Between Castlegar and Revelstoke, British Columbia, the Columbia River broadens into two natural lakes known as Lower Arrow Lake and Upper Arrow Lake. The narrow spot that separates the two lakes is about 42 miles (67 kilometers) south of Revelstoke, just south of the town of Arrow Park.
The Arrow Lakes, well known to early river explorers, were within the traditional territories of several Indian bands. The lakes first were identified on a map in 1832. The name derives from arrows that Indians shot into a hole or a series of fissures in a perpendicular rock on the eastern shore of the Lower Arrow Lake. The Catholic missionary Pierre Jean de Smet, who traveled through the upper Columbia area in 1845/46 wrote in his subsequent book on the Oregon Country missions, “We passed under a perpendicular rock, where we beheld an innumerable number of arrows sticking out of the fissures. The Indians, when they ascend the lake, have a custom of lodging each an arrow into these crevices. This is the reason why the first voyageurs call these lakes the Arrow Lakes.” One early explorer who saw the arrows said they were 30 or 40 feet above the water. According to several versions of the story, an arrow that stuck meant good luck for the shooter, and an arrow that fell meant the opposite. The location was about 25 miles upriver from Castlegar, just north of the Deer Park area.

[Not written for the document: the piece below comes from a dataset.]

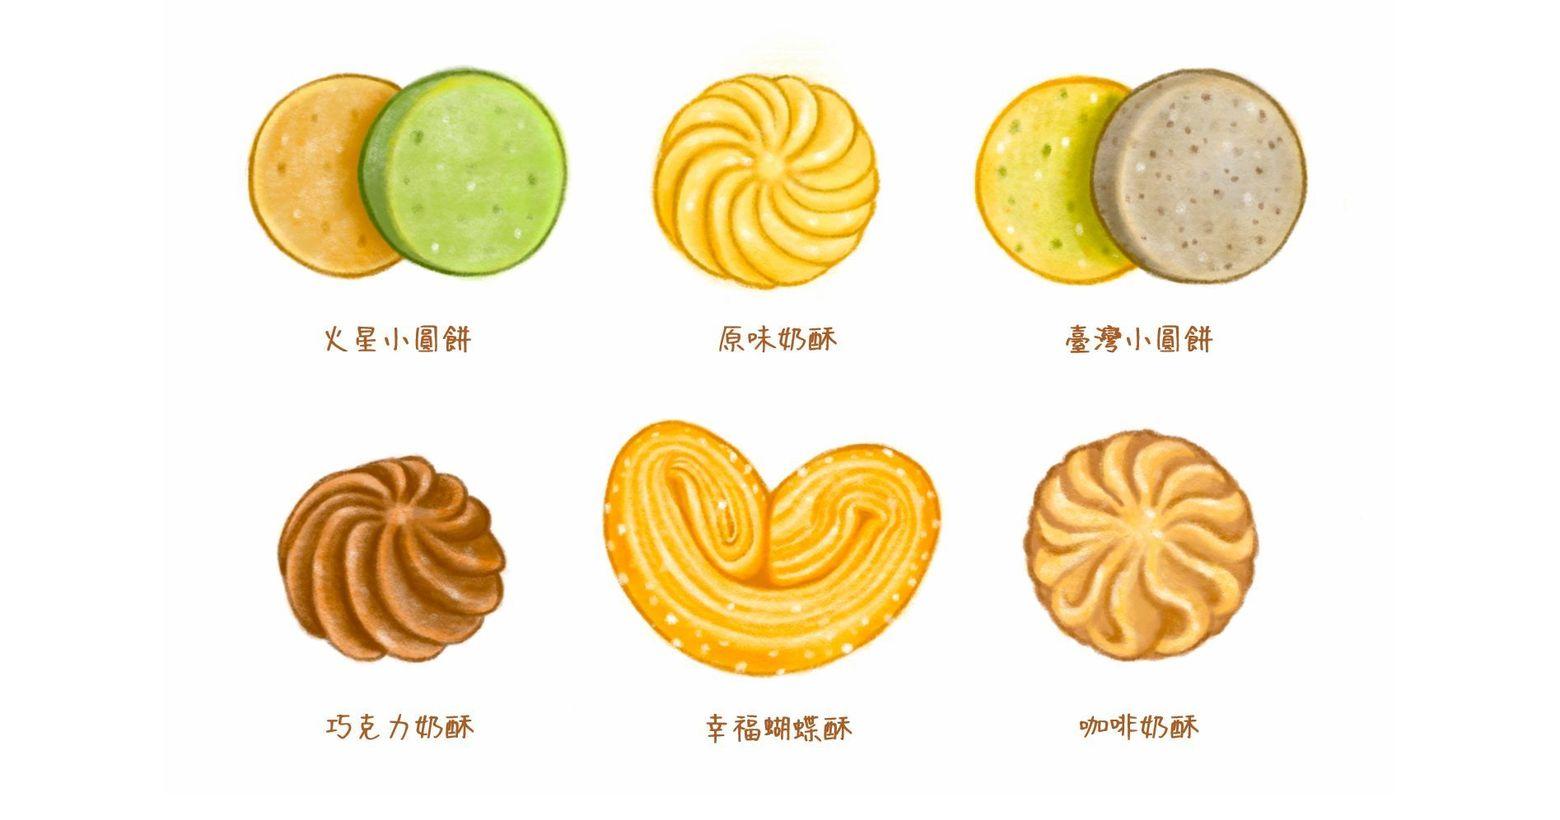 【Rose x 火星猴子】插畫美食開團囉!謝謝廠商的合作邀請,讓我可以在專頁上開團和大家分享美味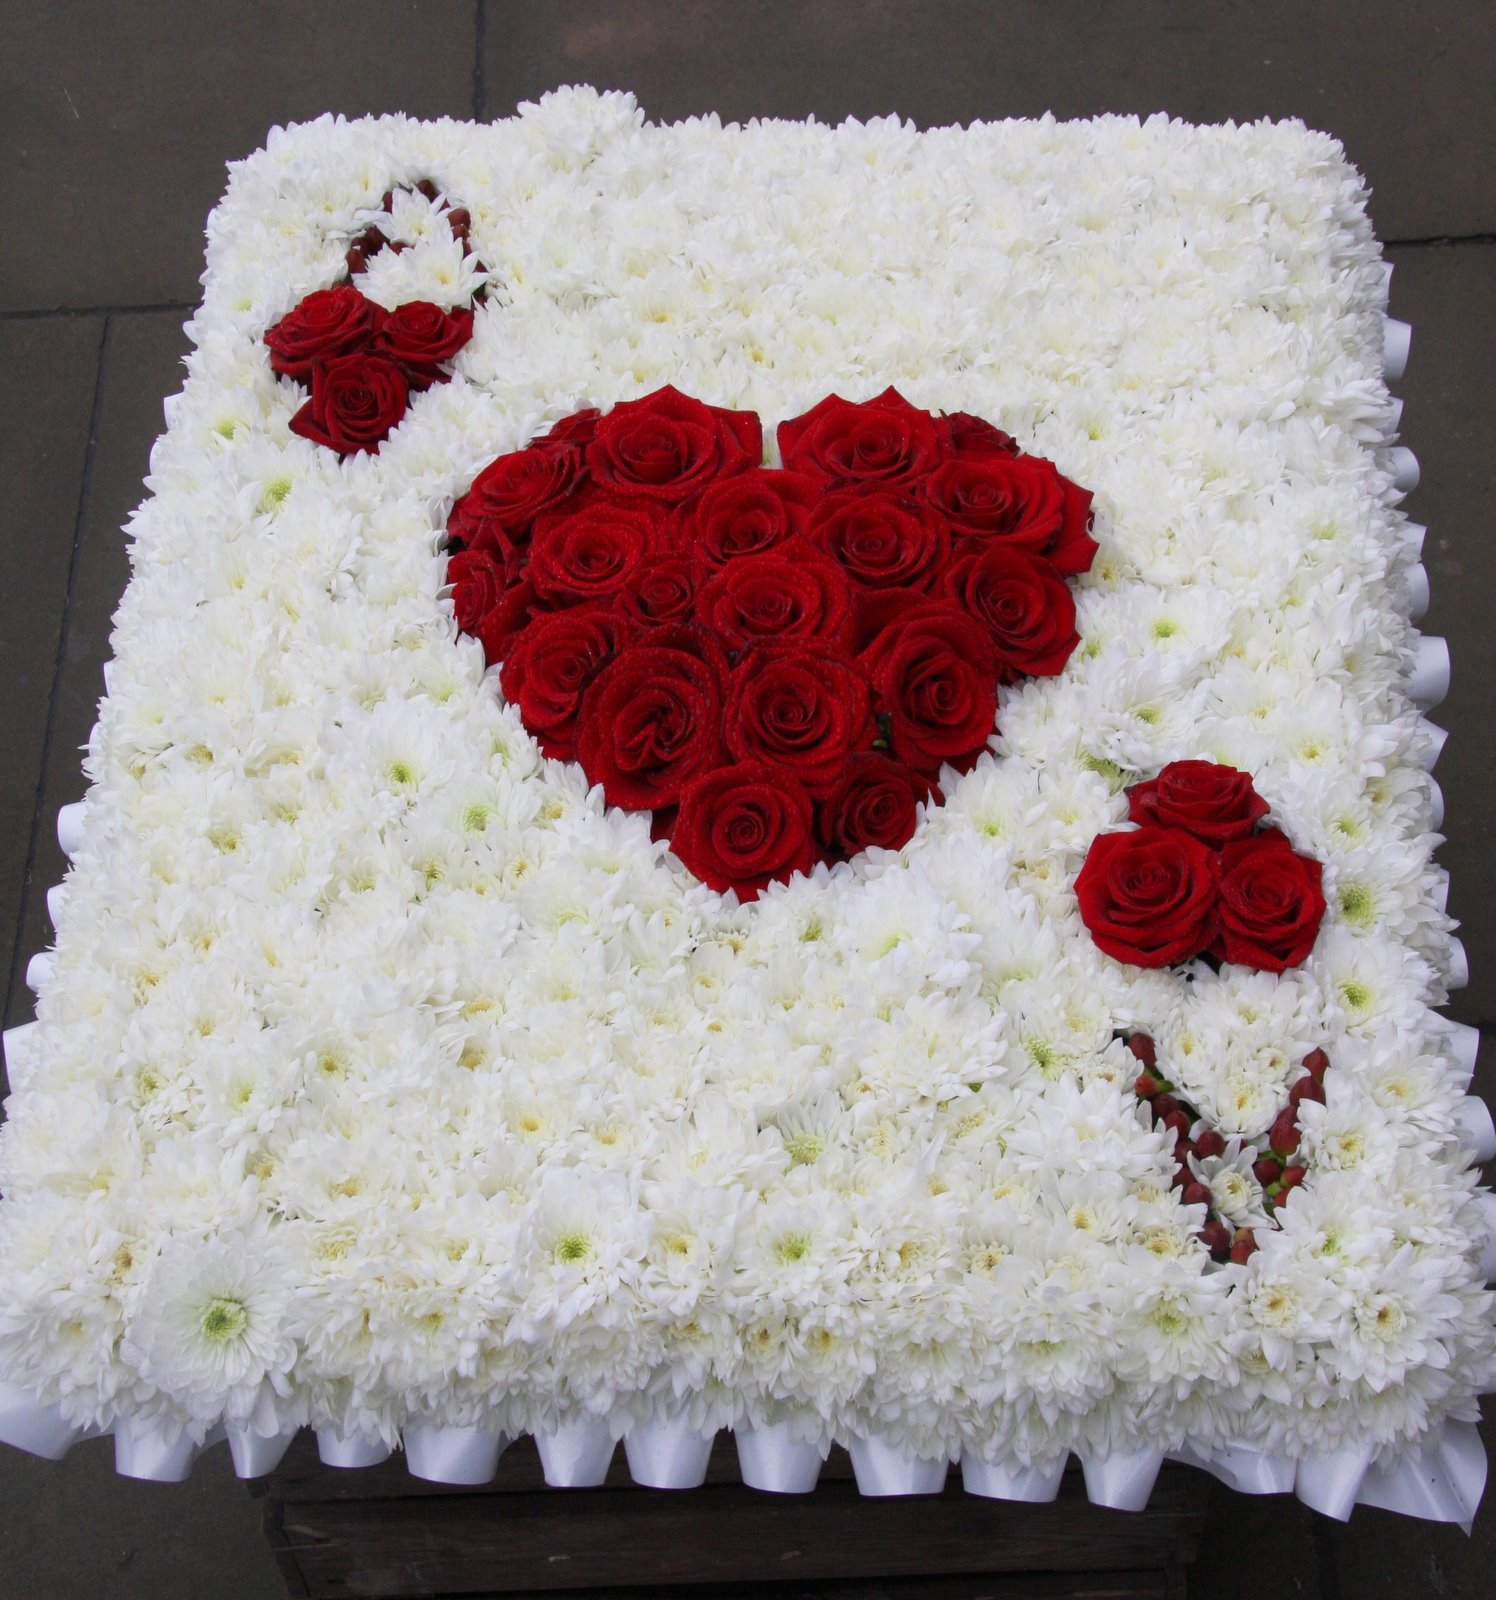 Kathleens florist blackpool ace of hearts funeral tribute ace of hearts funeral tribute reviewsmspy

There are no bridges across the lakes, and no road that runs the length of the lakes, but as with the ferries downriver at Gifford and Keller on Lake Roosevelt, free ferries provide crossings that are de-facto “bridges.” On the Arrow Lakes there are three ferries. Each is operated by the provincial Ministry of Transportation. The Arrow Lakes comprise one of the most scenic areas of the Columbia River. High mountains flank both shores, and many of these, such as the spectacular 8,963-foot (2,732-meter) Mount Begbie southwest of Revelstoke, are snow-capped even in summer.